The President who was a born thief, a rapist and a coward

I don’t need to tell you who I’m talking about.  When he was elected Governor of Arkansas, the salary was something like $35,000 a year, chump change.  It wasn’t fair, and it wasn’t right, so Billy Jeff decided to make his bitchy, homely wife his bag lady.  If you needed to do business with the Governor, you put the Rose Law Firm on retainer.  Hillary didn’t really practice law, she laundered money for her husband.  When they wanted a little extra cash they’d come up with some scheme or another, cattle futures, land deals, whatever worked.

The nation’s First Crime Family wasn’t able to operate full steam while in the White House.  Everybody was watching.   But on the way out they showed their true colors, pardoning financial criminal Marc Rich for a tidy sum.  Hillary became a President-in-waiting, and if you wanted to be her friend (and, really, who could resist such a charming woman) it would cost you.  And what are friends for, if not to take advantage of?

To my eye it looks like the AP story, showing a majority of non-governmental visitors to Secretary of State Clinton were, just coincidentally, Foundation donors, is the straw that broke the camel’s back.  Forget about your politics, do you have any little bit of personal integrity, so that you won’t refuse to see what is staring you in the face?  The Clintons are political criminals, who have used public office to amass great wealth.  If you can’t see that you’re blind.  And if you don’t admit it you’re a coward.

I’ve never met Jonah Goldberg, and have no particular desire to do so.  But I feel a sort of kinship with him, because of how he writes.  His “newsletter”  goes over some of what I’ve been talking about.  Jonah hates the Clintons almost as much as I do, but I’ve had more practice.  I’ve had my come to Jesus moment with our “Presidential” candidate.  Jonah has not, and I don’t envy him.  To keep the Clintons out of the White House I’d vote for the devil himself, because there’s only one of him.  The two of them, together, you double your pain, and you double your misery.  There’s only one Trump.  There’s two Clintons.

Think about it, Jonah.  Billy Jeff, alone at night in the White House, with Hillary on the road.  Doing it in the Oval Office is really special.  I’ll bet he’d like to pull that off one more time.  A kind of a personal challenge.

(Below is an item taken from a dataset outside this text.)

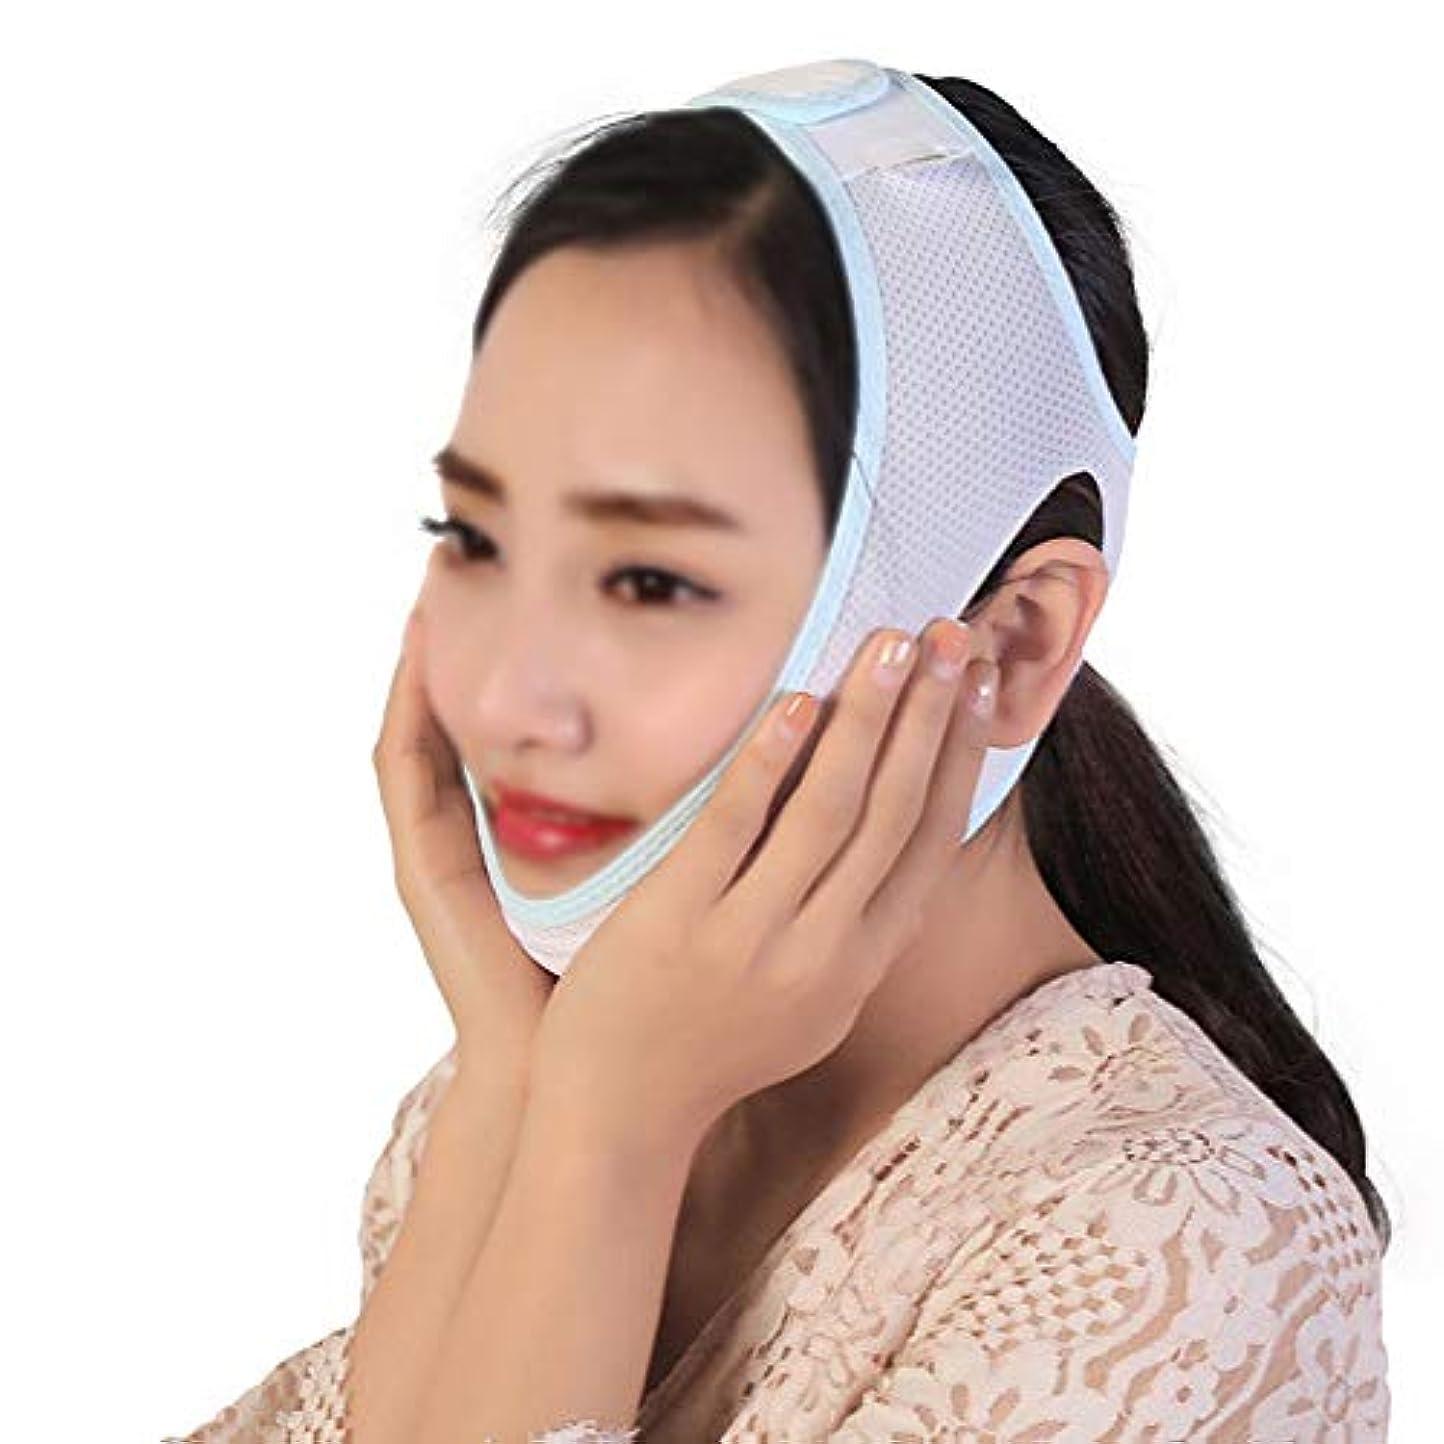 宝石センチメートル農村XHLMRMJ ファーミングフェイスマスク、小さなvフェイスアーティファクトリフティングフェイスプラスチックフェイスマスク快適さのアップグレードの最適化フェイスカーブ包括的な通気性の包帯 (Size : M)

The thieves who ran the Alaska State Senate when I arrived were Senators Bill Ray and Jalmar Kertulla.  But they really weren’t criminals, they only did petty theft.  Ray was a union boss from Juneau, while Kettulla was from one those Finnish socialist families that settled the MatSu  Valley in the 30’s.  He would have been a communist if he was bright enough.  I actually wound up getting along with Bill Ray, on a personal level.  Kertulla was just an ugly man, with a shitty attitude.

Alaska State Legislators made around $40,000 a year, with $28,000 salary and $12,000 per diem.  Kertulla and Ray were going to get retirement money from the State of Alaska when they left office, and their checks would be very small, because they were based on a $28,000 salary.  So they decided to cut back on per diem, and increase their salary to about $53,000, as I recall.  Doubling the salary of state legislators is not politically popular, and would be easily overturned by an initiative.  But it would take three years to mount a petition drive, get it on the ballot, and have it passed.  So for the requisite three years of employment at $53,000 a year, Kertulla and Ray doubled their retirement income.

Chump change.  These guys had their hands on tidal waves of revenue flowing into Juneau from Prudhoe Bay.  As far as I know, they never actually stole any of it.  They weren’t Clintons, for God’s sake.

Looking back to those days, I am glad I was there.  Jay Hammond stood up to the most corrupt bastards in the State, and faced down every one of them.  It was a joy to behold.   Hammond was more of a man than any man I’ve ever met.  And I got to help him do it.

Hammond kept his distance from me, personally.  The chemistry wasn’t right between us, for some reason.  But his best friend in politics, the guy he liked to travel with, was my buddy Bob Clarke.  He loved telling me stories about Hammond.  Just one time, after I’d been out of the legislature for quite a few years, Hammond came by my office to chat.  I’d done a lot for him, and he knew it.  He was a decent enough man to show me his respects.